# Exercise instructions:
Pictures stay out of the copy, and everything else in the data below is repeated exactly.

# Given information:

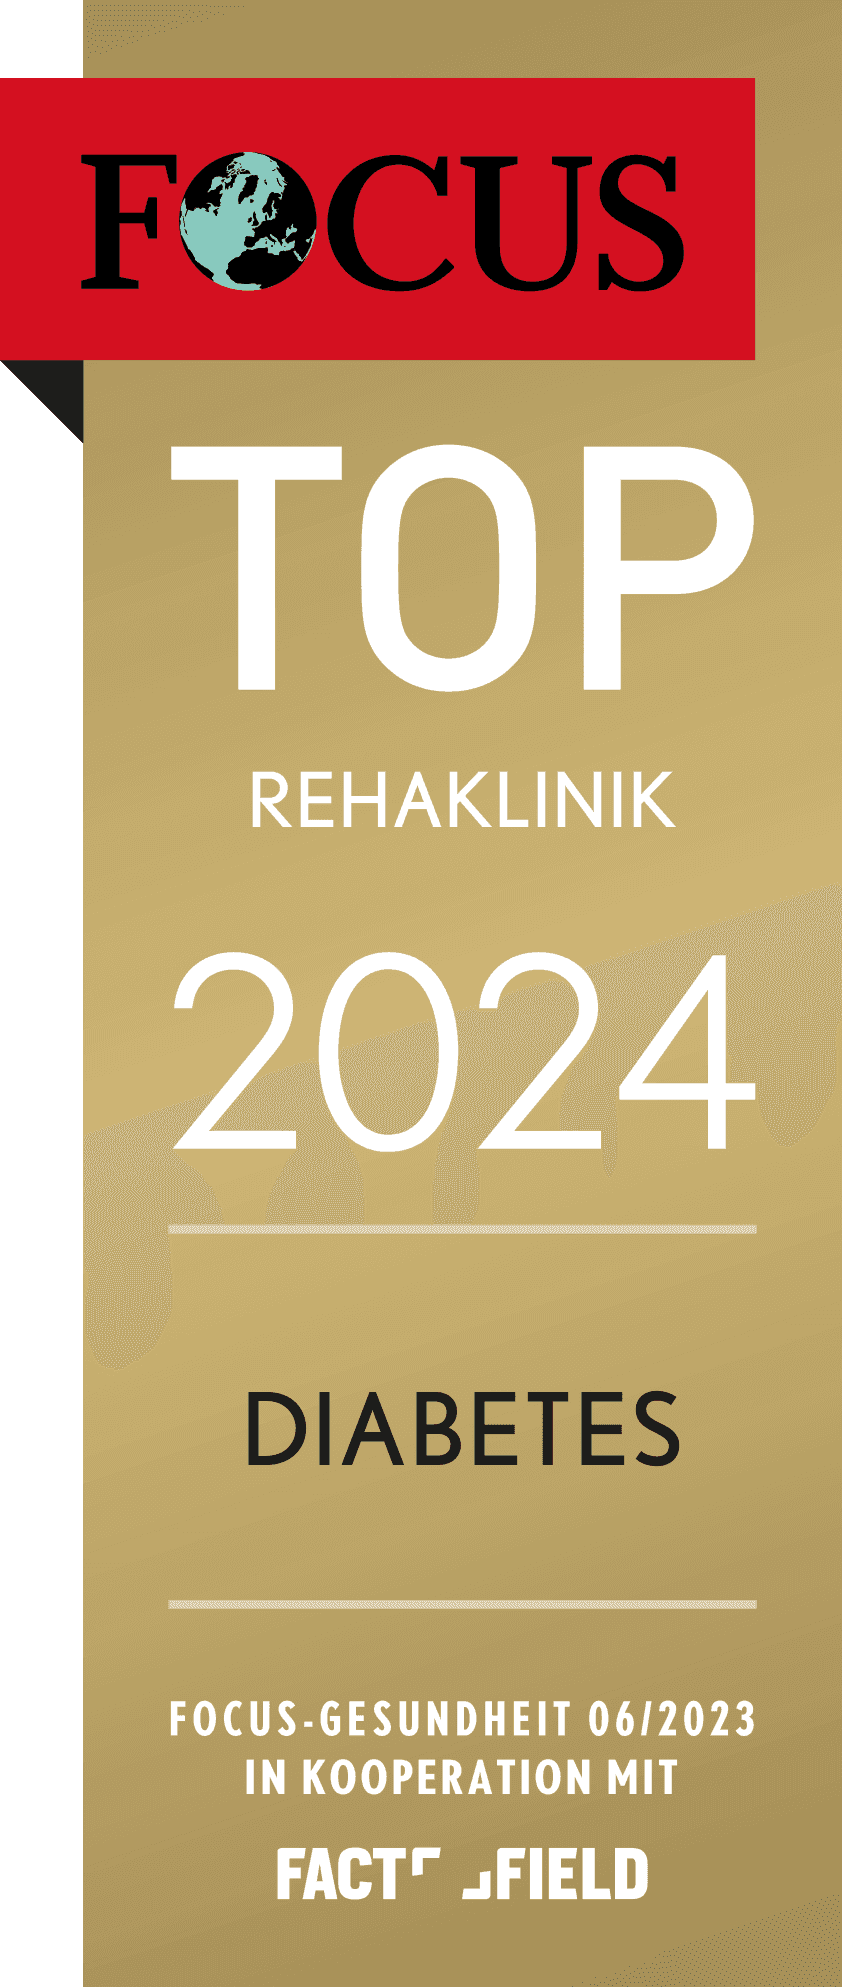 Focus-Siegel der Rehaklinik Hohenelse für das Jahr 2024 als TOP Rehaklinik für Diabetes
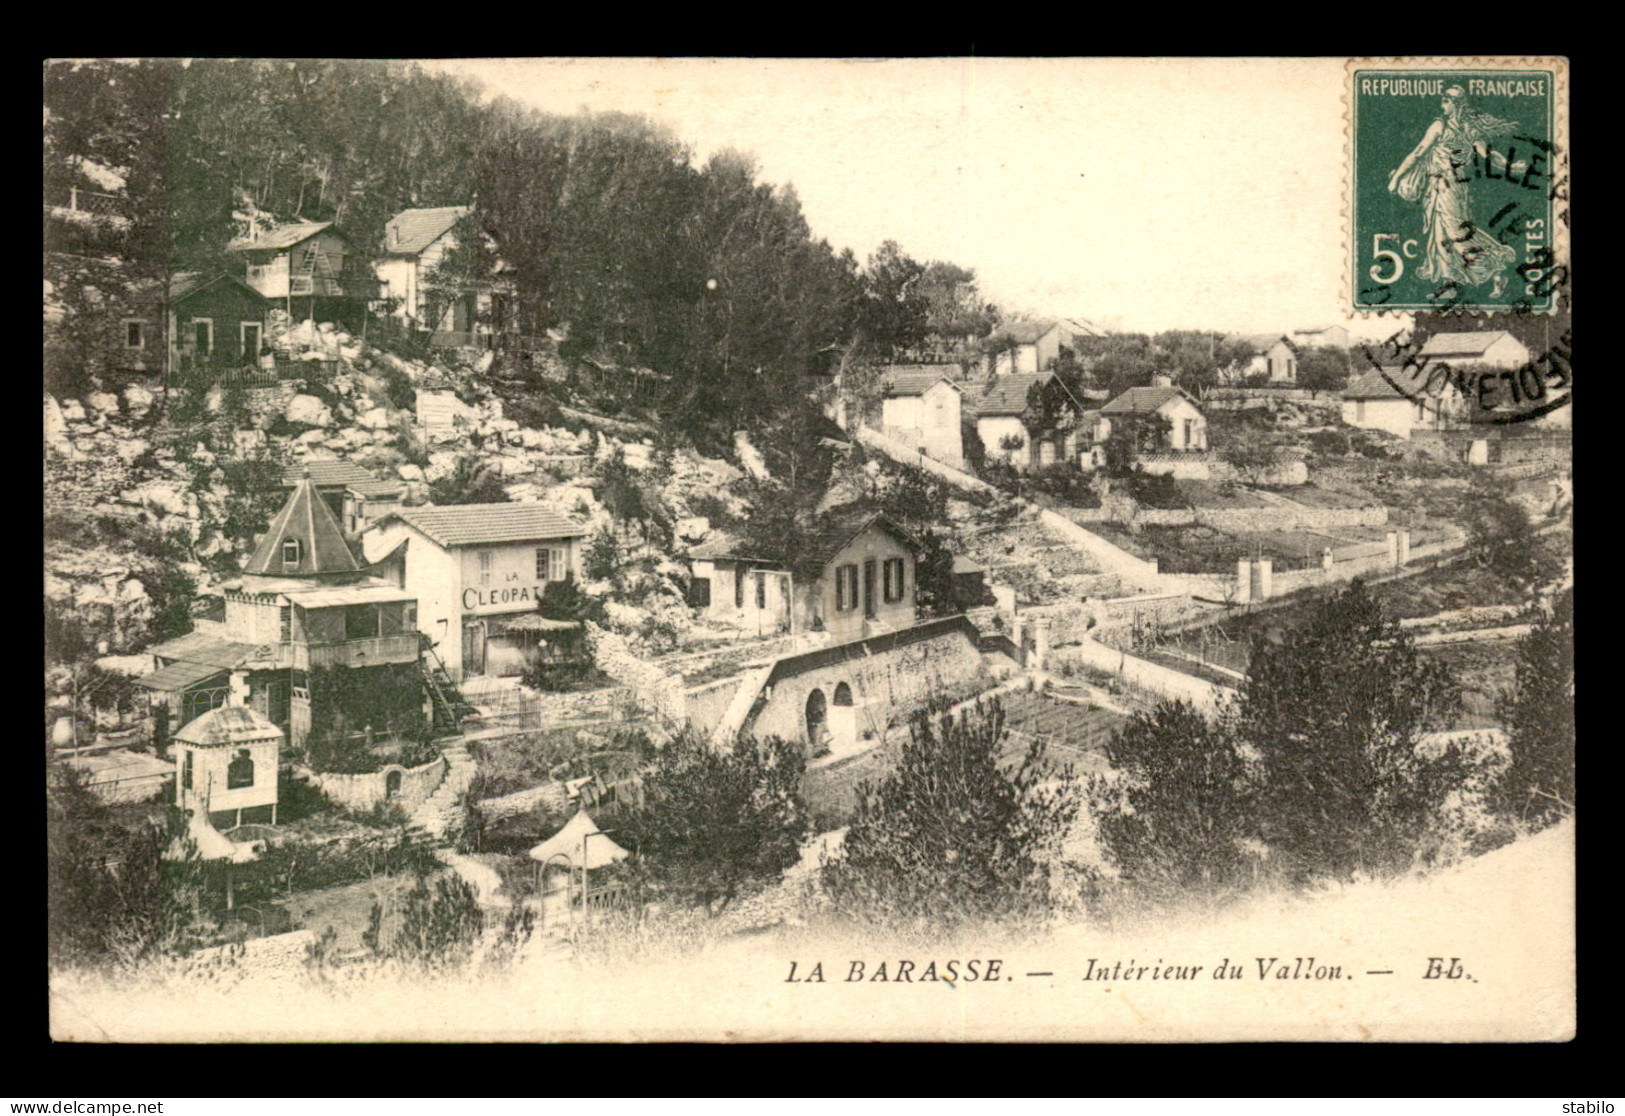 13 - MARSEILLE 11EME - LA BARASSE - INTERIEUR DU VALLON - Saint Marcel, La Barasse, St Menet
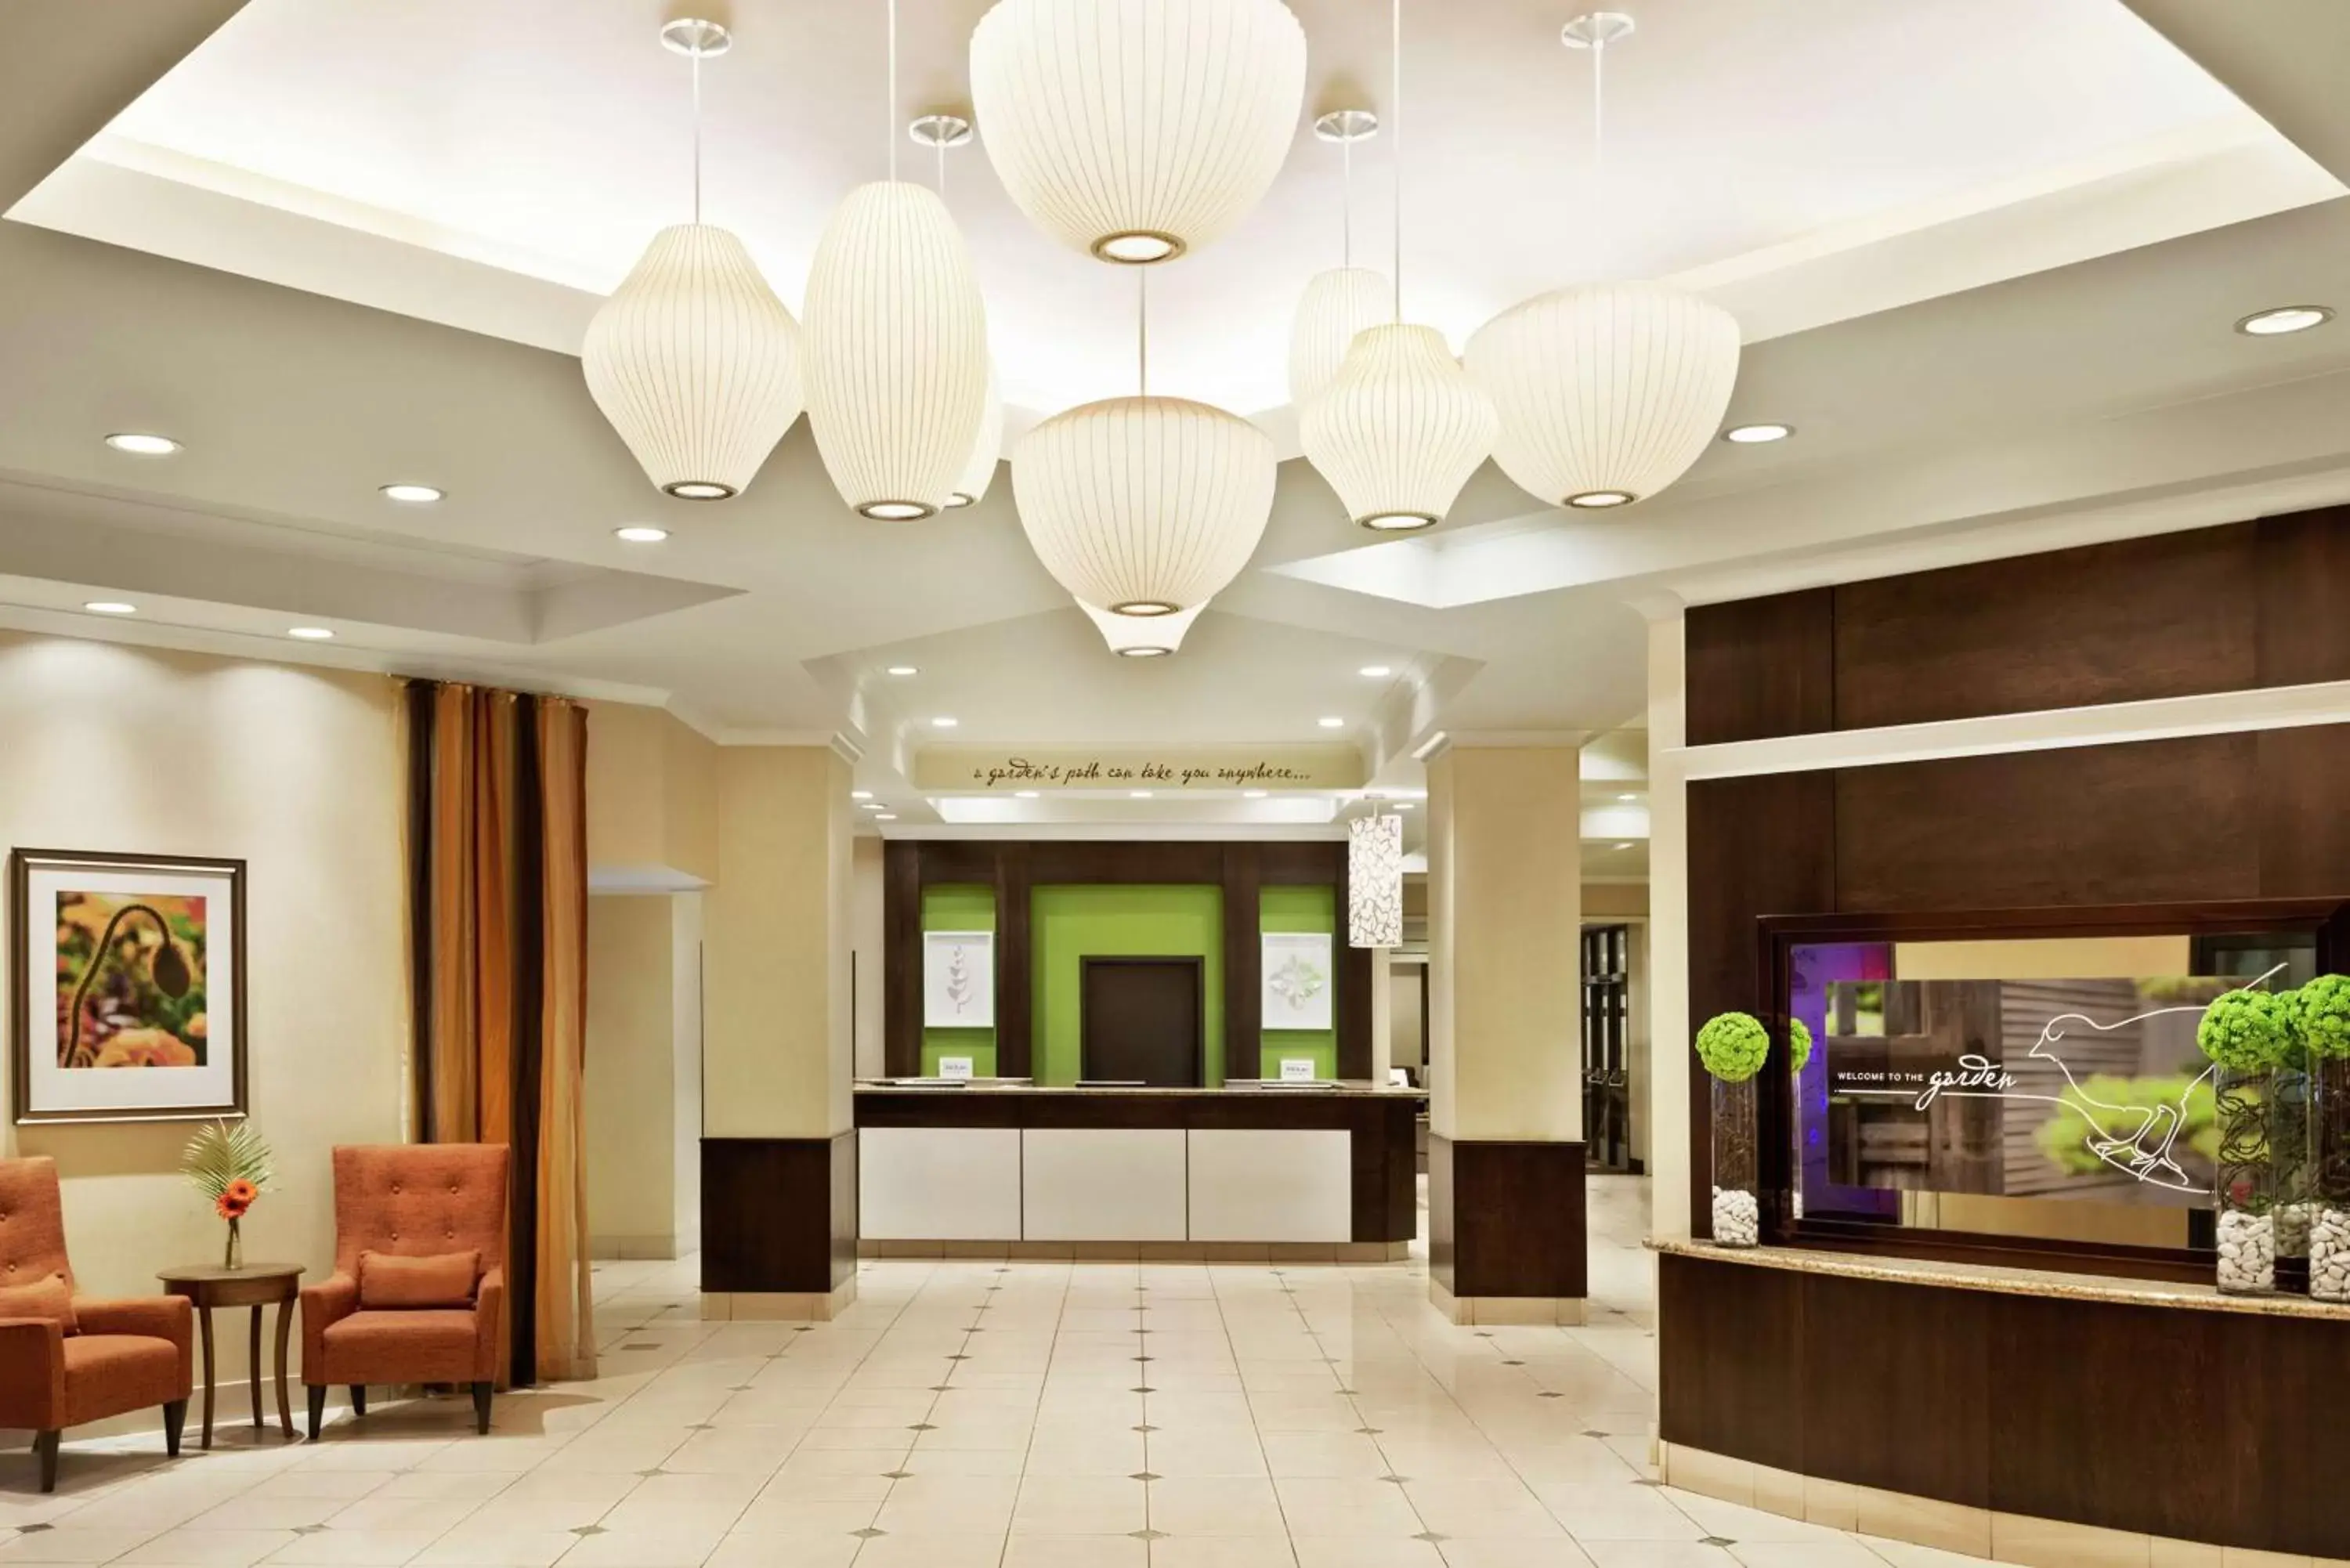 Lobby or reception, Lobby/Reception in Hilton Garden Inn Saskatoon Downtown

# Your response:
 Focus-Siegel der Rehaklinik Hohenelse für das Jahr 2024 als TOP Rehaklinik für Diabetes
 13 - MARSEILLE 11EME - LA BARASSE - INTERIEUR DU VALLON - Saint Marcel, La Barasse, St Menet
 Lobby or reception, Lobby/Reception in Hilton Garden Inn Saskatoon Downtown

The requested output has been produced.